SXP: Jonathan, I understand that you’re Italian-Canadian while the rest of the band is Italian. When and how did the band form?

Jonathan: That's right, although I've been living back and forth for quite some time. We have all been playing in different bands for a long period of time and then a few Xmas's ago we just decided we wanted a shift and we were looking for something new. Luca, Paul and I started just fleshing out songs at home and then gradually we grew into a band adding the others (Giulia, Federico & Stefano). We all live near or around Bologna, apart from one of us who live on Lake Garda - a great place to zone out and go practice when we need to.

SXP: I know the band is from Bologna, which has a big student population. Is there much of an indie scene there and in other cities?

Jonathan: Italy has a pretty good scene, might have actually been better a few years ago. Nowadays the "big thing" is to sing in Italian and we're not really about that...but there are a ton of amazing bands that regularly tour outside of the country. Bologna is special, it's a natural stop for all touring bands so we had the luck of seeing great shows at an early age, even more experimental stuff. I think it gave us a good background and it has helped the city with a tradition of strong bands that tend to look outside of Italy instead of "inside" Italy if you know what I mean. Hopefully this trend of singing in Italian will die down a bit in the future. Not that we have anything against it, it's just that now bands that sing in English seem to not be recognized at all. I mean it's just a language, people should be able to express themselves in whatever language they prefer. I'd love maybe next time to make a long list of all the amazing Italian bands around!

SXP: You seem to make fairly frequent trips to the UK (which we like!) and you’ve played South By South West. Are you developing an international following now?

Jonathan: I don't really know how it works with creating a "following" nowadays. We seem to be doing ok and we are just so happy and honoured that we get to travel as much as we do and find a small but attentive crowd. Our 12" did pretty well considering it was self-released, we finished it in a few months and have recently repressed it. We're not going to stop, we love playing all over the place, and hope to do more. We think it's the only way of making a band work.

SXP: Your songs seem to have strong lyrical content. ‘Best Regards’, for example, is the story of a theatrical couple whose lives unravel after they cheat their way to the top. Would you say that sort of depth of meaning is typical of A Classic Education song?

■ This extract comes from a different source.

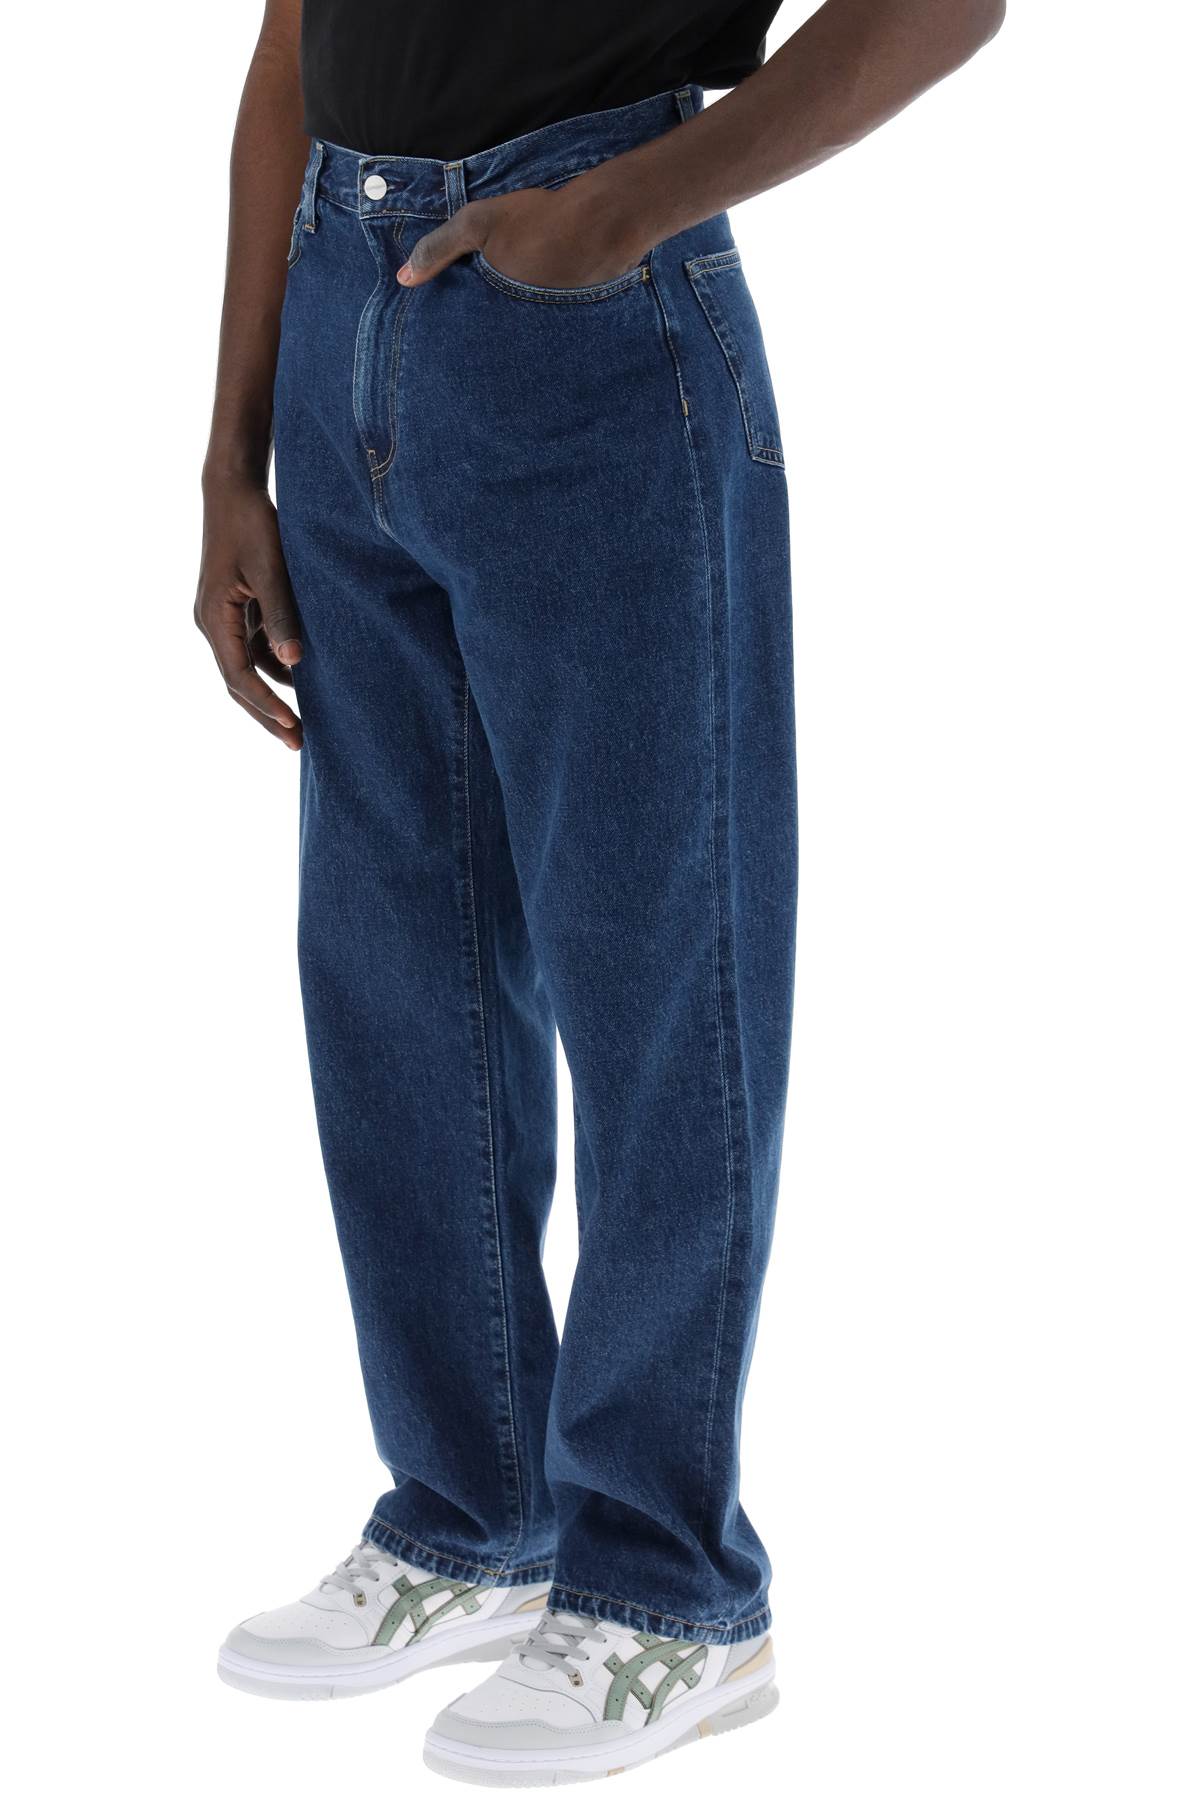 Shop Carhartt Landon Loose Fit Jeans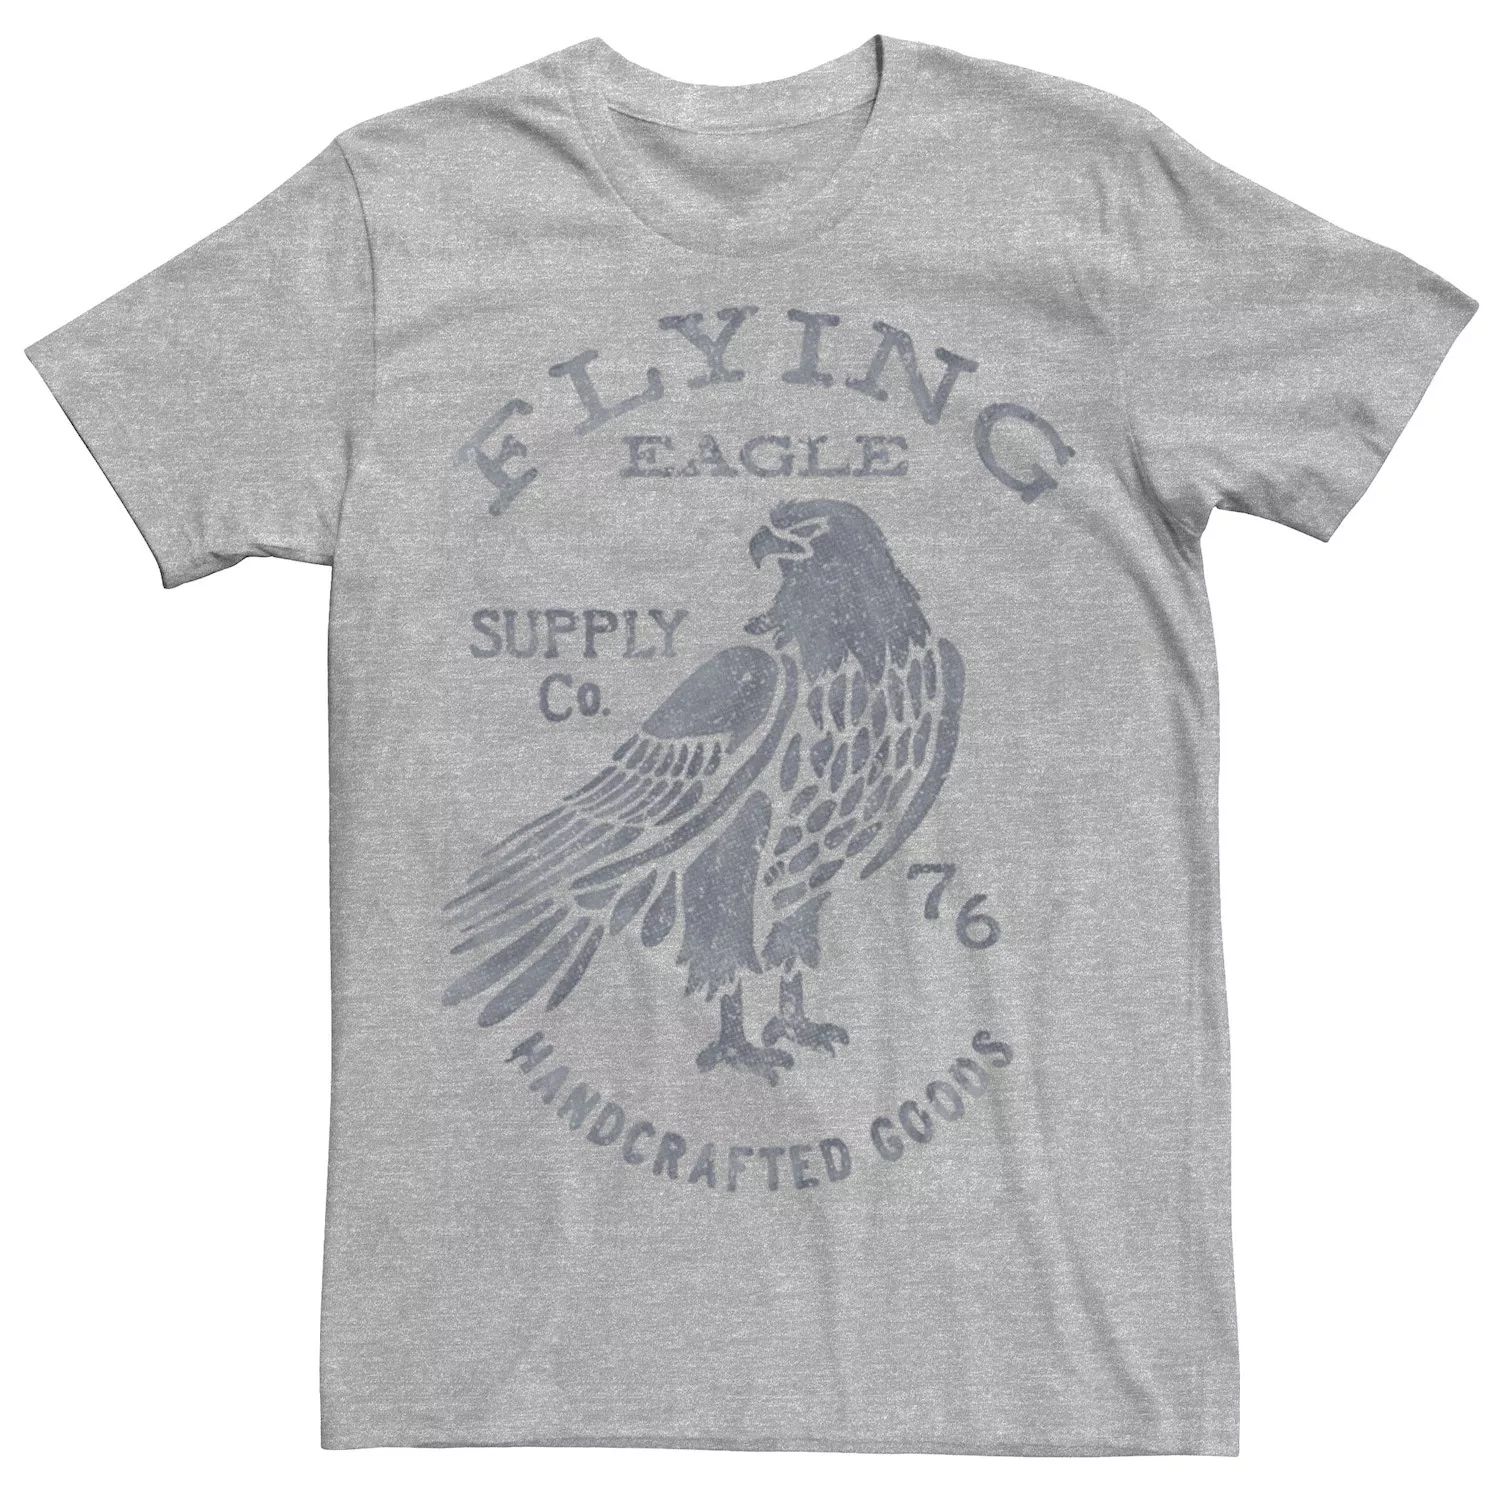 Мужская футболка с этикеткой Flying Eagle Supply Co. Licensed Character

Jonathan: I would hope so, I try to at least convey some depth. With lyrics it's always hard, I'm always tied between giving imagery, telling a story and making the song work. I often end up making up a lot of the lyrics while we are playing live and settle on something just when we record. I think ‘Best Regards’ is definitely one of the better examples amongst our songs. I think lyrics are very important, but I also know not many people really pay attention to them. I definitely would love to be able to spend more and more time on lyrics... sometimes I just catch myself saying "Jonathan, you could do better."

SXP: There’s a sense of epic-ness and melodrama in your songs that reminds us of Arcade Fire and the Decemberists, to name two bands. Do you see any similarity – and do you like those bands?

Jonathan: Yeah I think we definitely have that sense, especially in the first stuff we put out. Now we are trying to be a bit more sombre, I think we have a darker aspect than those bands, also we tend to be a little less folky maybe...not sure. We've been trying to insert a lot of 50's and 60's stuff into our songwriting recently. We definitely think the Arcade Fire is an amazing band, I wouldn't say we are big Decemberists fans, although that's a guy that can write lyrics! I don't think we necessarily want to convey that sense of grandeur in the music we make, we want it to be tinier, shadier and a little more timid!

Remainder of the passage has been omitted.